Metadata-Version: 1.1
Name: zk_monitor
Version: 0.1.1
Summary: Zookeeper Monitoring Service
Home-page: https://github.com/Nextdoor/zkmonitor
Author: Nextdoor Engineering
Author-email: eng@nextdoor.com
License: Apache License, Version 2.0
Download-URL: http://pypi.python.org/pypi/zk_monitor#downloads
Description: # Zookeeper Node Monitoring Daemon
        
        This is a simple daemon for monitoring particular Zookeeper nodes for
        compliance with a given set of specifications (ie, minimum number of
        registered nodes). In the event that a path changes and becomes out of
        spec, (too few nodes, for example), an alert is fired off to let you know.
        
        ## Clustered Design
        
        *zk_monitor* is designed to operate in clustered mode with multiple redundant
        agents running on multiple servers.

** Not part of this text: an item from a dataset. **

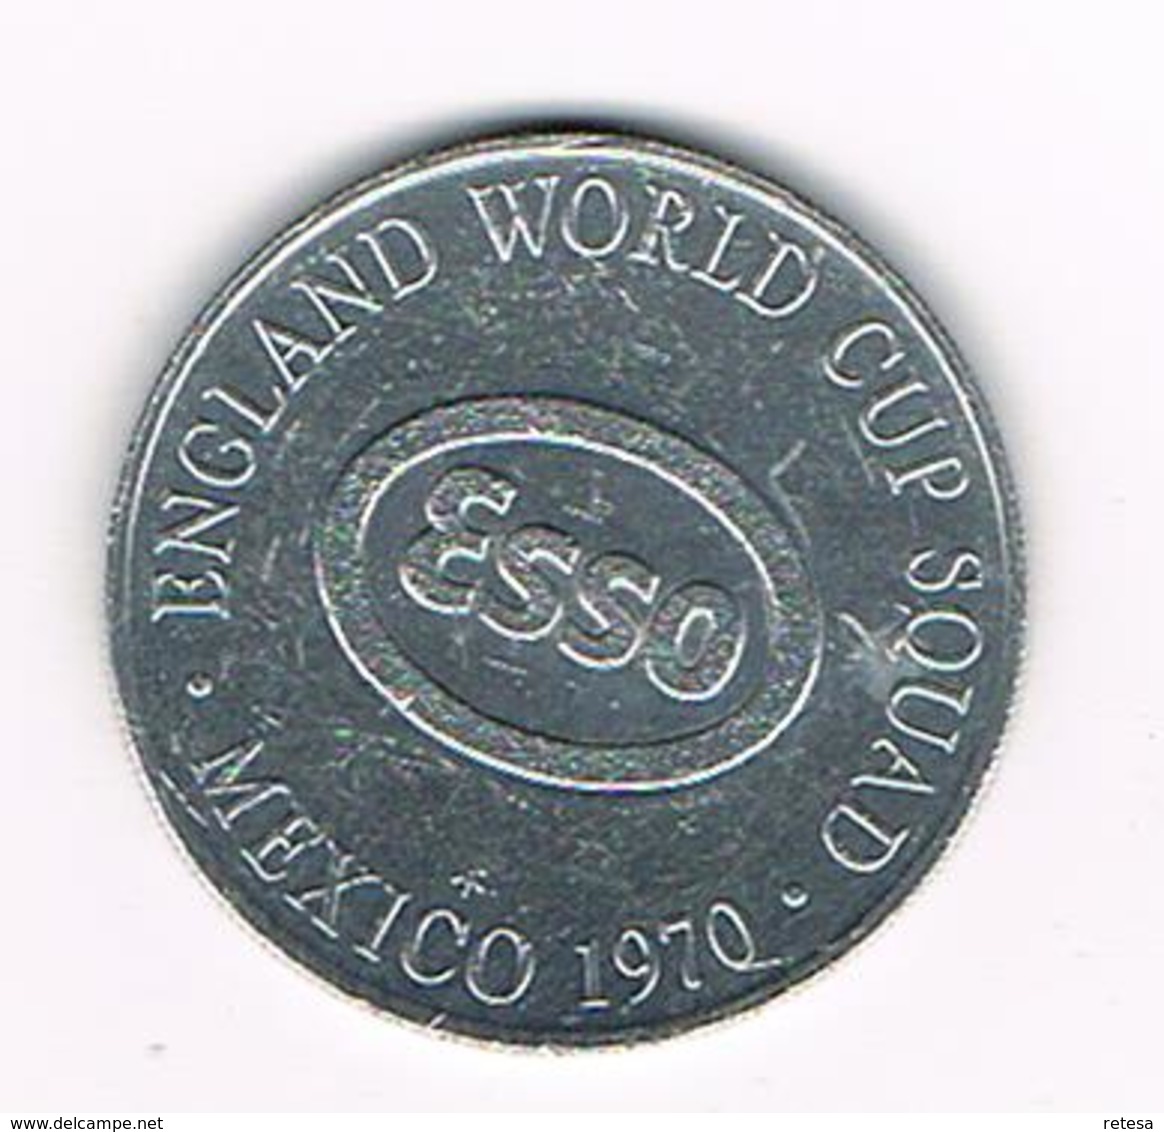 //  TOKEN  BRIAN LABONE   ENGLAND WORLD CUP  SQUAD  MEXICO  1970 ESSO - Pièces écrasées (Elongated Coins)

The agents talk to eachother through
        Zookeeper using a common path and a series of locks/znodes. You can run as
        many agents as you want, but only one will ever handle sending off alerts.
        
        ## Configuration
        
        Most of the connection and *zk_monitor* specific settings are managed via
        CLI arguments:
        
            $ python runserver.py --help
            Usage: runserver.py <options>
            
            Options:
              --version             show program's version number and exit
              -h, --help            show this help message and exit
              -z ZOOKEEPER, --zookeeper=ZOOKEEPER
                                    Zookeeper Server (def: localhost:2181)
              --zookeeper_user=ZOOKEEPER_USER
                                    Zookeeper ACL Username
              --zookeeper_pass=ZOOKEEPER_PASS
                                    Zookeeper ACL Password
              -c CLUSTER_NAME, --cluster_name=CLUSTER_NAME
                                    Unique cluster name (ie, prod-zookeeper-monitor)
              --cluster_prefix=CLUSTER_PREFIX
                                    Prefix path in Zookeeper for all zk_monitor clusters
              -f FILE, --file=FILE  Path to YAML file with znodes to monitor.
              -p PORT, --port=PORT  Port to listen to (def: 8080)
              -l LEVEL, --level=LEVEL
                                    Set logging level (INFO|WARN|DEBUG|ERROR)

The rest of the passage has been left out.